How many times have you've heard someone say, "Everyone knows that...?" Does what "everyone knows" always turn out to be true? Have there been times in your life when "everyone" was wrong?
In the short story "Keep Watch," by Alex Myers, two siblings "know" an important piece of information. Read the story to see if the narrator's knowledge and understanding change by the story's end. Then use the following questions to help you prepare your own theme-based summary of the story.

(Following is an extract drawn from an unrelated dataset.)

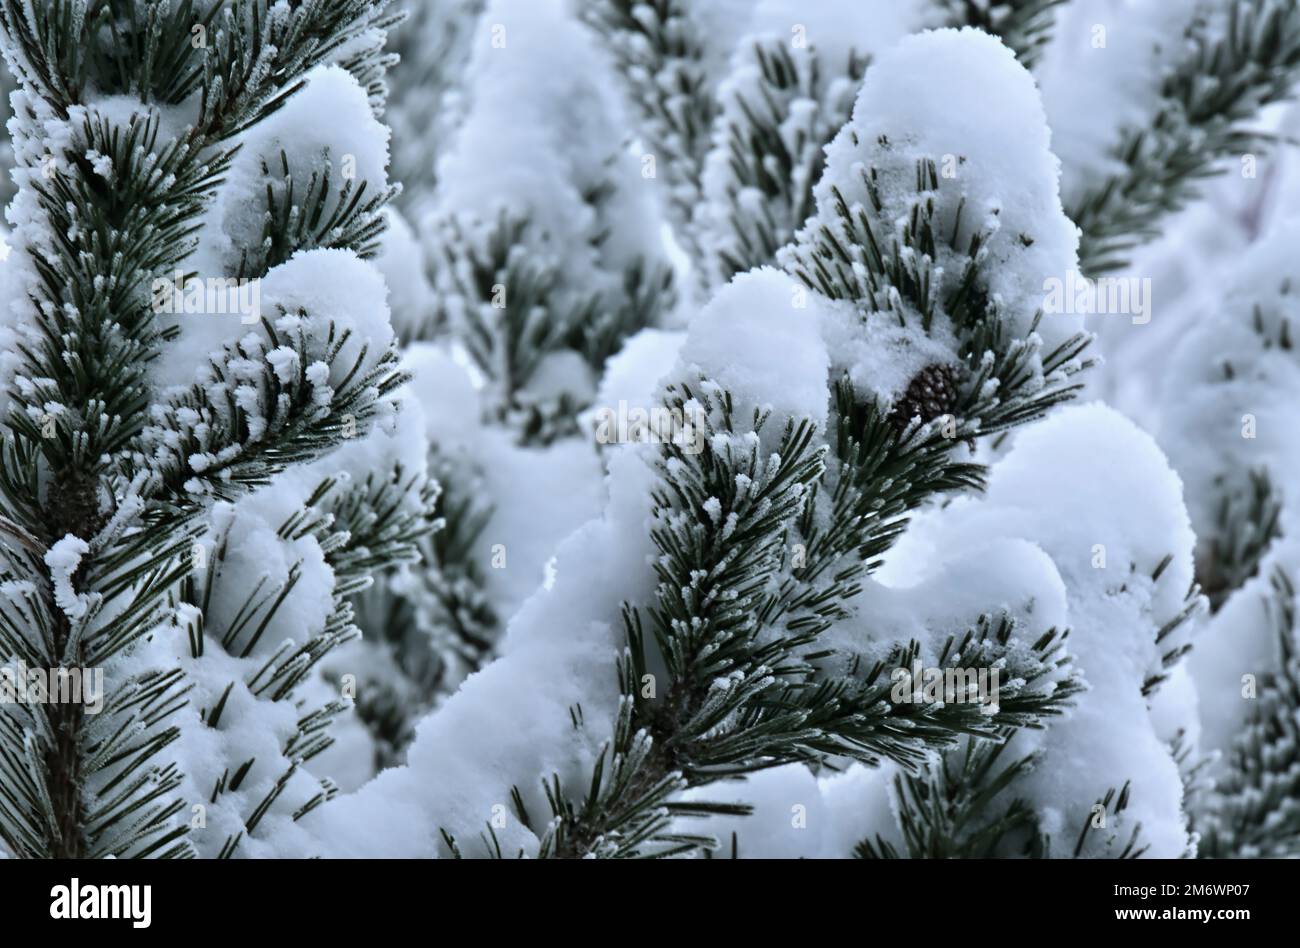 A horizontal image of a pine tree branch covered with snow and frost Stock Photo

When you get to the last question in the question set, copy and paste the answers you wrote into a word processing document. You will need them for the activity later in the lesson.
Keep Watch
by Alex Myers
On top of the mountain behind our house was a fire tower, its spindly legs rising above the trees. In the evening, the sun would glint off its metal roof: a sharp proclamation of existence that quickly passed. Within, everyone knew, was a lone fire watcher, always on the lookout for that telltale wisp of smoke. Despite the fire tower, every autumn my mother would burn leaves without a permit. First she would strip all the vegetables from her garden, lining up the rows of green tomatoes on the kitchen windowsills. Then my brother and I would rake the lawn. We started with the side lawn, where the two thick birches dropped yellow leaves that quickly turned to brown and the sugar maples shed breathtaking orange leaves—leaves I sometimes felt guilty raking, they were so beautiful. We gathered up big piles, which we raked onto old bed sheets and bundled up. With the sheet sacks on our backs, we rustled our way to the bare garden plot, looking like autumnal Father Christmases, the bulging sacks ridiculously light. The smoke curled up, thick and white. It always seemed sluggish and reluctant to rise at first. My mother tended the flames as my brother and I dragged more sheet-sacks of leaves. Up, up, the smoke would rise, a pillar in the sky, a defiant declaration. Eventually, at some point well before all the leaves were gathered and burned, the Fire Marshal would bump down our driveway in his red Crown Victoria. My mother would wait by her smoldering pile of evidence for him to approach.
“Ma’am,” he’d intone, “do you have a permit to burn these leaves?”
“No, I do not,” she’d reply, dry as the autumn air.
A sigh, perhaps, as he withdrew his citation book from his shirt pocket, the mumbled exchange as he took her information and delivered a lecture on fire safety before he handed her the ticket and turned to go. My brother and I, embarrassed to be accomplices, stood quietly with our rakes. The fire was doused and my mother worked patiently, turning the ashes of the leaves into the garden's soil, while my brother and I hauled the rest of the leaves into a pile behind the woodshed.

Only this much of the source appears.